Dans son arrêté, le premier magistrat de la commune juge que l'ouverture des supermarchés de la périphérie relève de la "pratique déloyale" vis-à-vis des autres commerces.
L'arrêté est tombé quelques heures après l'entrée en vigueur du deuxième confinement. Comme au mois de mars, les commerces dits "non essentiels" sont tenus de laisser les rideaux fermés quand les grandes surfaces peuvent continuer a accueillir le chaland. Cette conception particulière du principe de libre-concurrence en temps de crise sanitaire fait bondir le maire de Barneville-Carteret. "Moi, que la grande surface ouvre, ça ne me gêne pas.

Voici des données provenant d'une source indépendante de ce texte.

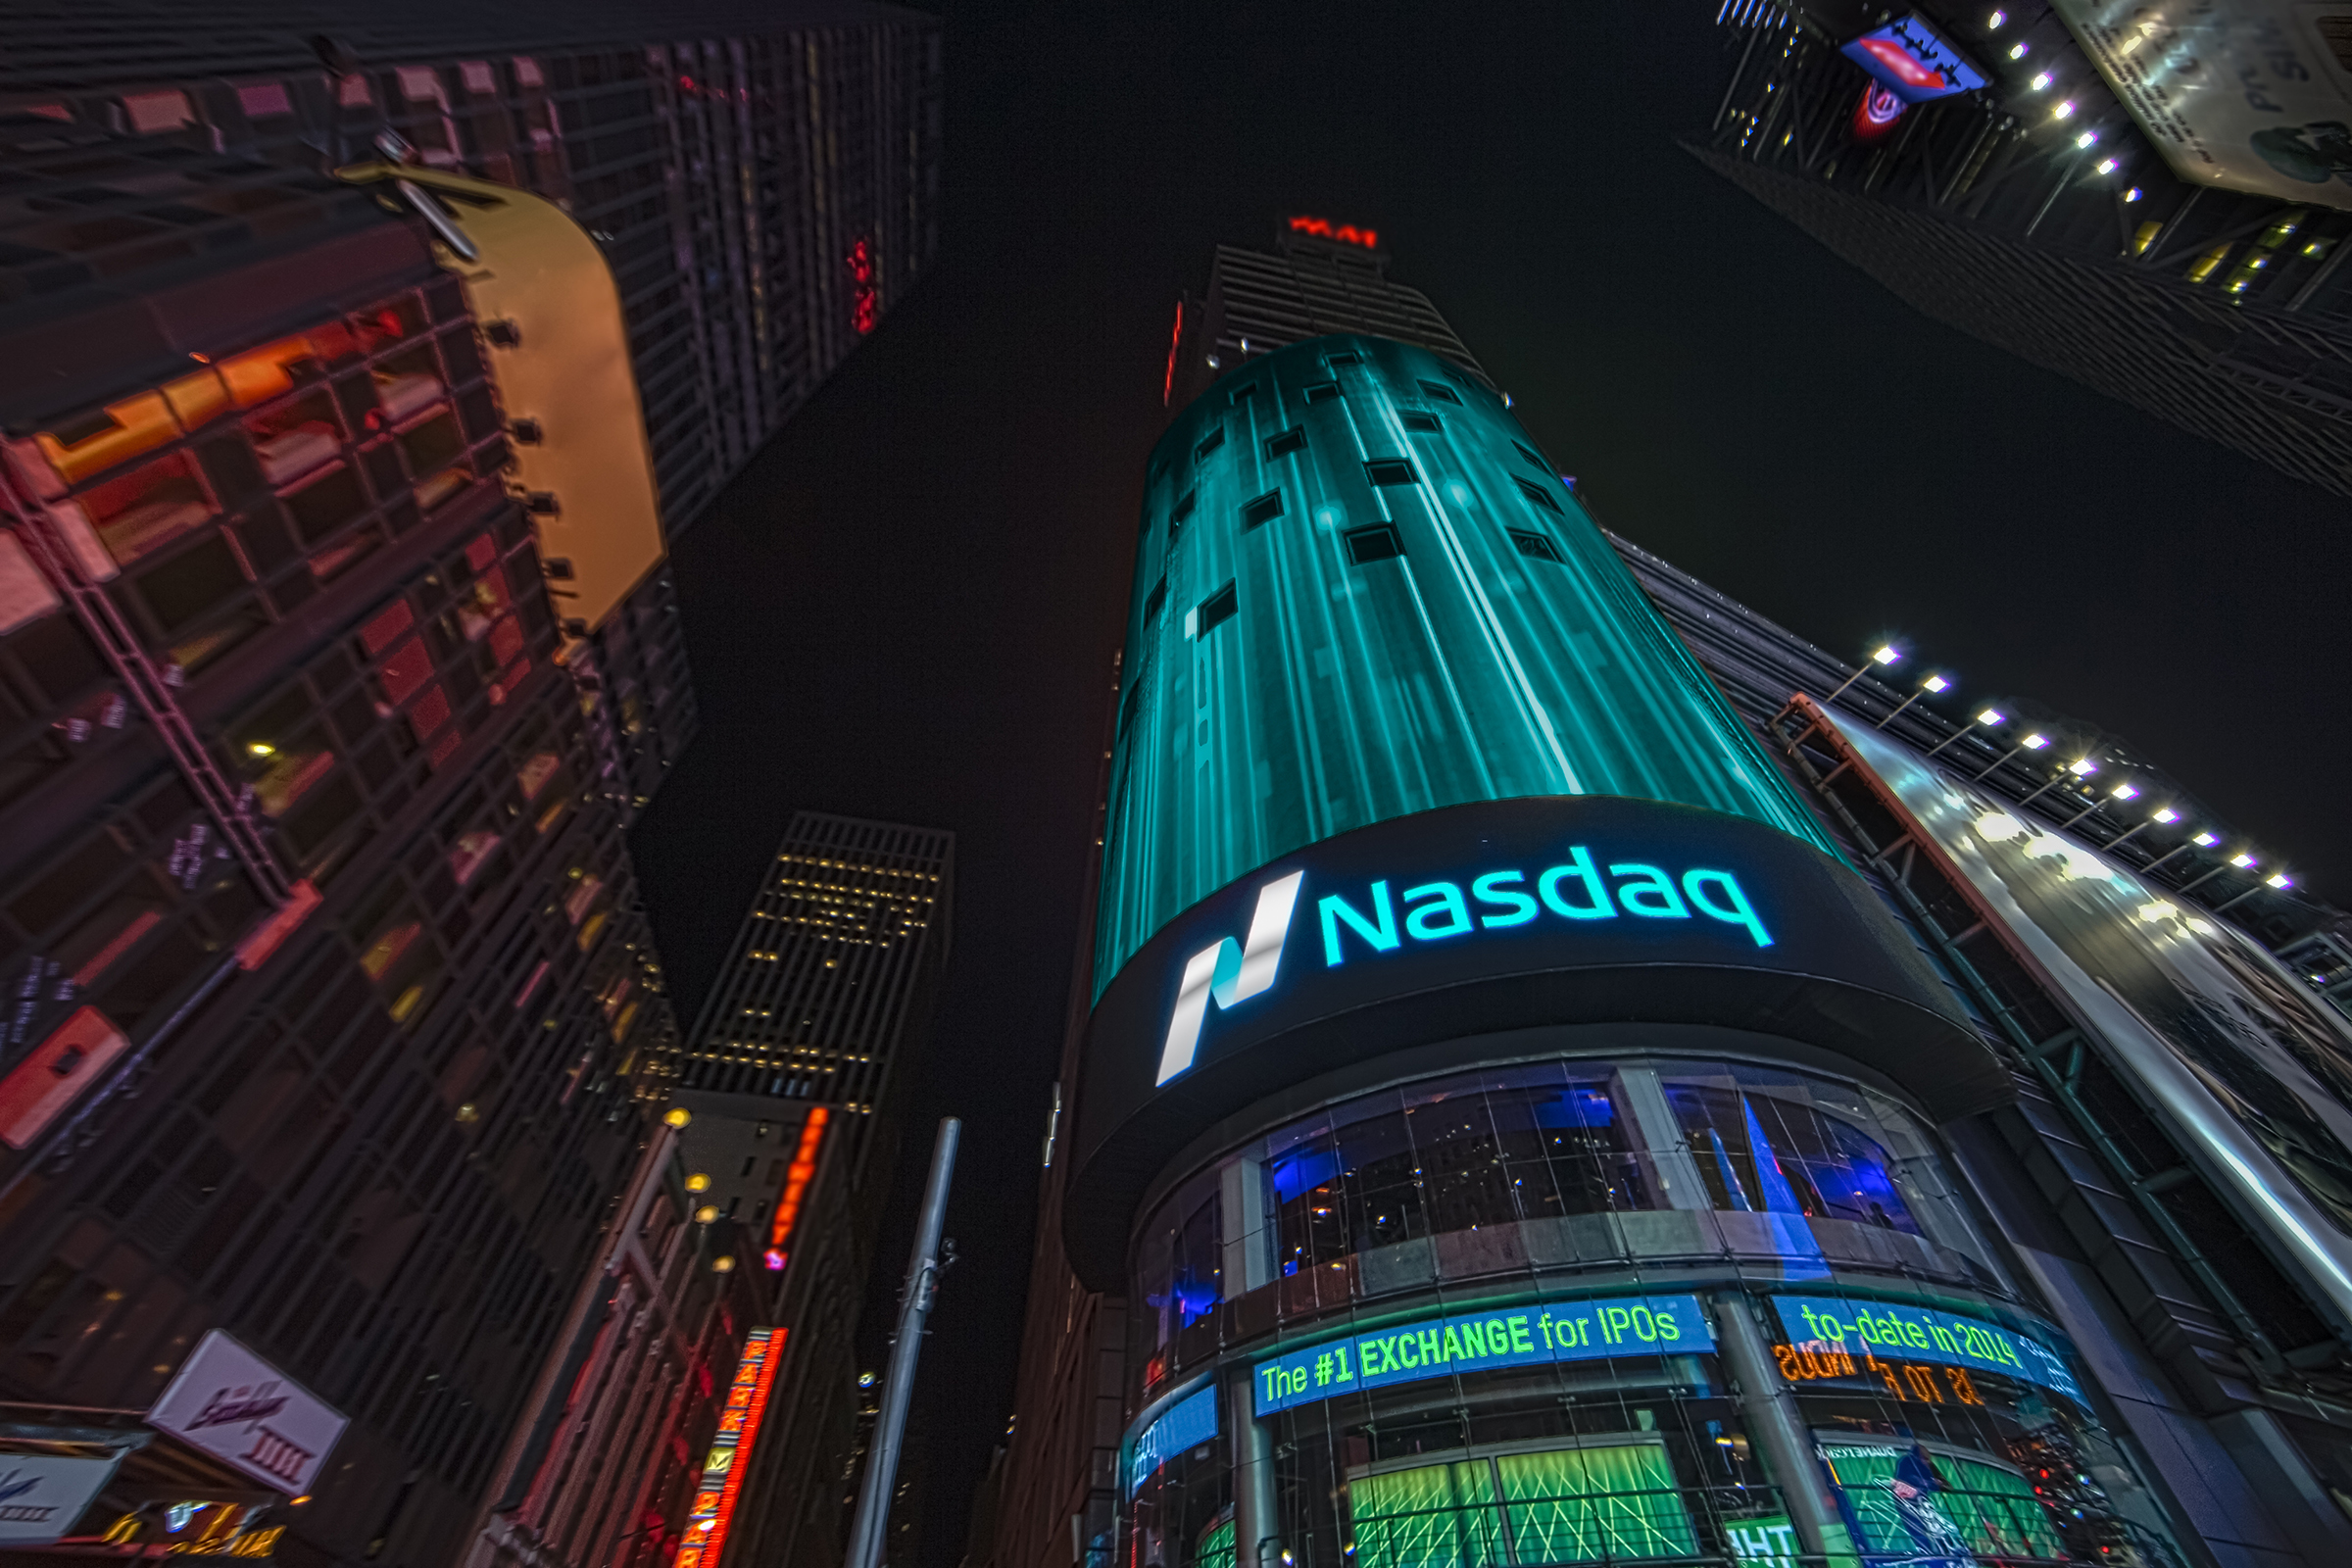 NASDAQ tower

Mais si elle peut rester ouverte, pourquoi des concurrents qui vendent la même chose ne peuvent-ils pas le faire ?"
"Je suis un objecteur de conscience"
De fait, rien n'interdit au client du supermarché de glisser une paire de chaussettes entre le paquet de pâtes et le sacs de croquettes pour chat, quand cette même paire de chaussettes ne peut être vendue au magasin de prêt-à-porter. "On peut acheter un frigo dans la grande surface mais pas dans le magasin d'électroménager. On peut y trouver des fleurs, mais le fleuriste ne pourra plus en vendre dès la semaine prochaine. Pareil pour les habits, les décos de Noël. On se fout de nous !"

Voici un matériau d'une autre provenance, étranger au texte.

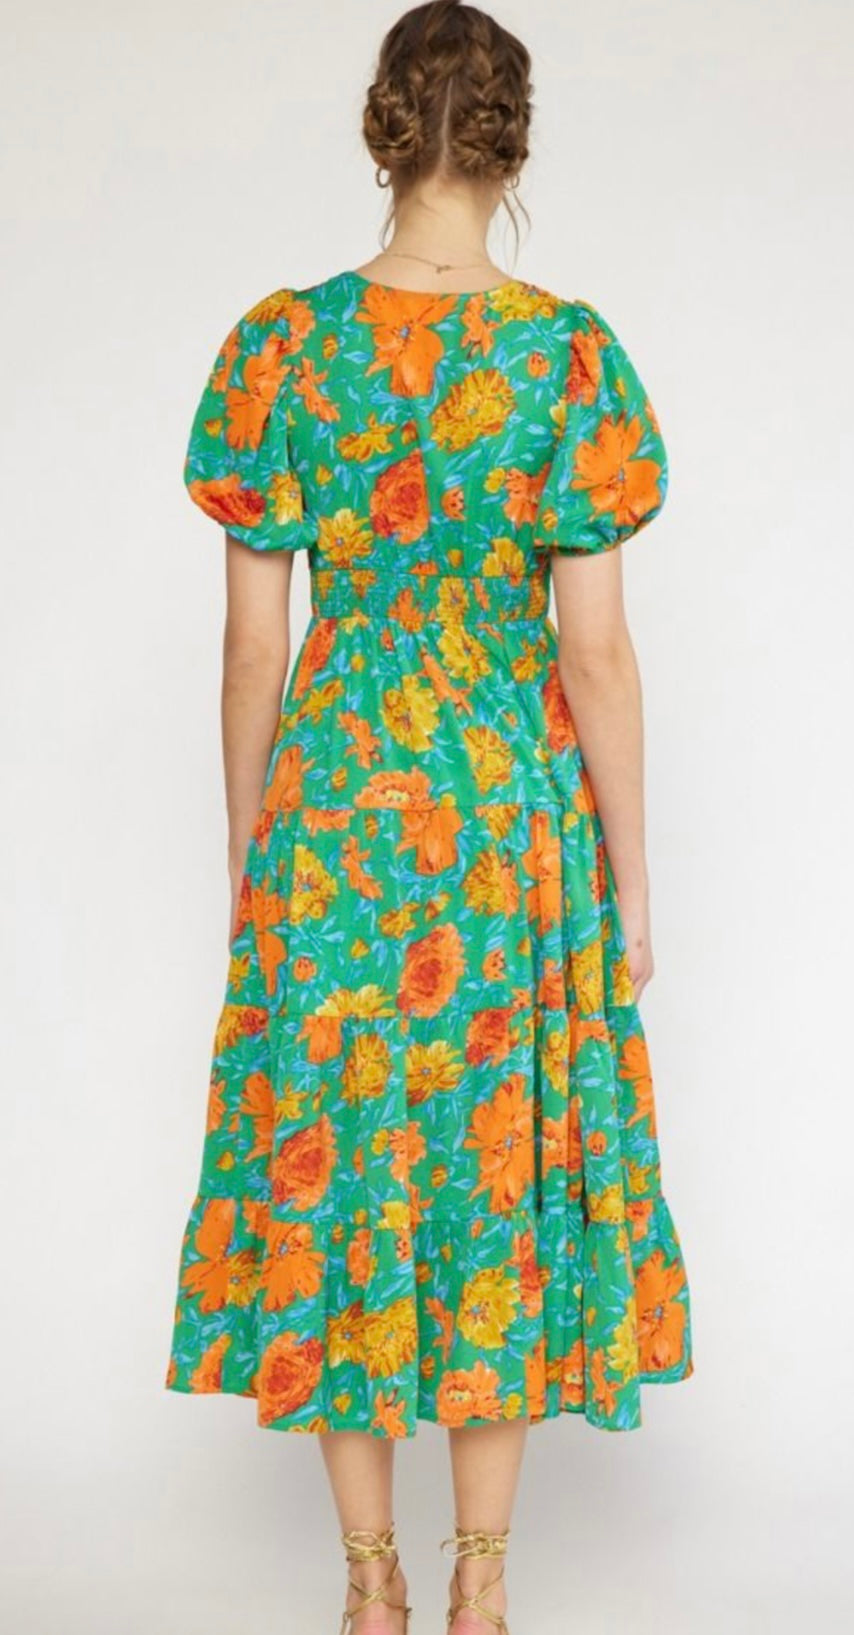 Green Floral Print Puff Sleeve Midi Dress

Dans son bureau, il a donc signé un arrêté municipal "autorisant les commerces non alimentaires à ouvrir pendant le confinement". "Je me suis inspiré de celui signé par le maire de Migennes en Bourgogne". Le texte souligne que l'ouverture des supermarchés "entraîne une rupture d'égalité de traitement" et "que cela crée une pratique déloyale contraire aux décisions annoncées par le Président de la République".
L'arrêté décide donc "que les commerces non-alimentaires sont autorisés à rester ouverts (...) jusqu'à ce que l'égalité de traitement soit rétablie". Depuis sa publication, les réactions affluent sur la page Facebook de la mairie. "Excellente décision, il est inadmissible de laisser les géants se goinfrer," écrit Romain quand beaucoup se contentent d'un laconique "Bravo". "Les coiffeurs peuvent-ils ouvrir, puisqu'ils vendent des produits que l'on peut aussi acheter en grande surface...?" ajoute Pierre.
D'autres commentaires sont moins enthousiastes : "du coup youpi c est la fête tout le monde reste ouvert et les gens vont continuer à sortir pour aller partout dans les commerces" s'inquiète Nathalie. Chrystel voit dans cet arrêté "un coup de com illégal" qui ne manquera pas d'être "retoqué par le préfet". Bien vu. Le maire reconnaît que son arrêté a peu de chance d'être validé par la préfecture. "Le préfet m'a téléphoné pour me dire que l'arrêté n'est pas valable." David Legouet dit n'avoir aucun regret : "Au lieu de râler dans mon bureau, j'ai fait quelque chose. Si je passe pour l'objecteur de conscience, ça me va, j'aurai servi à ça !"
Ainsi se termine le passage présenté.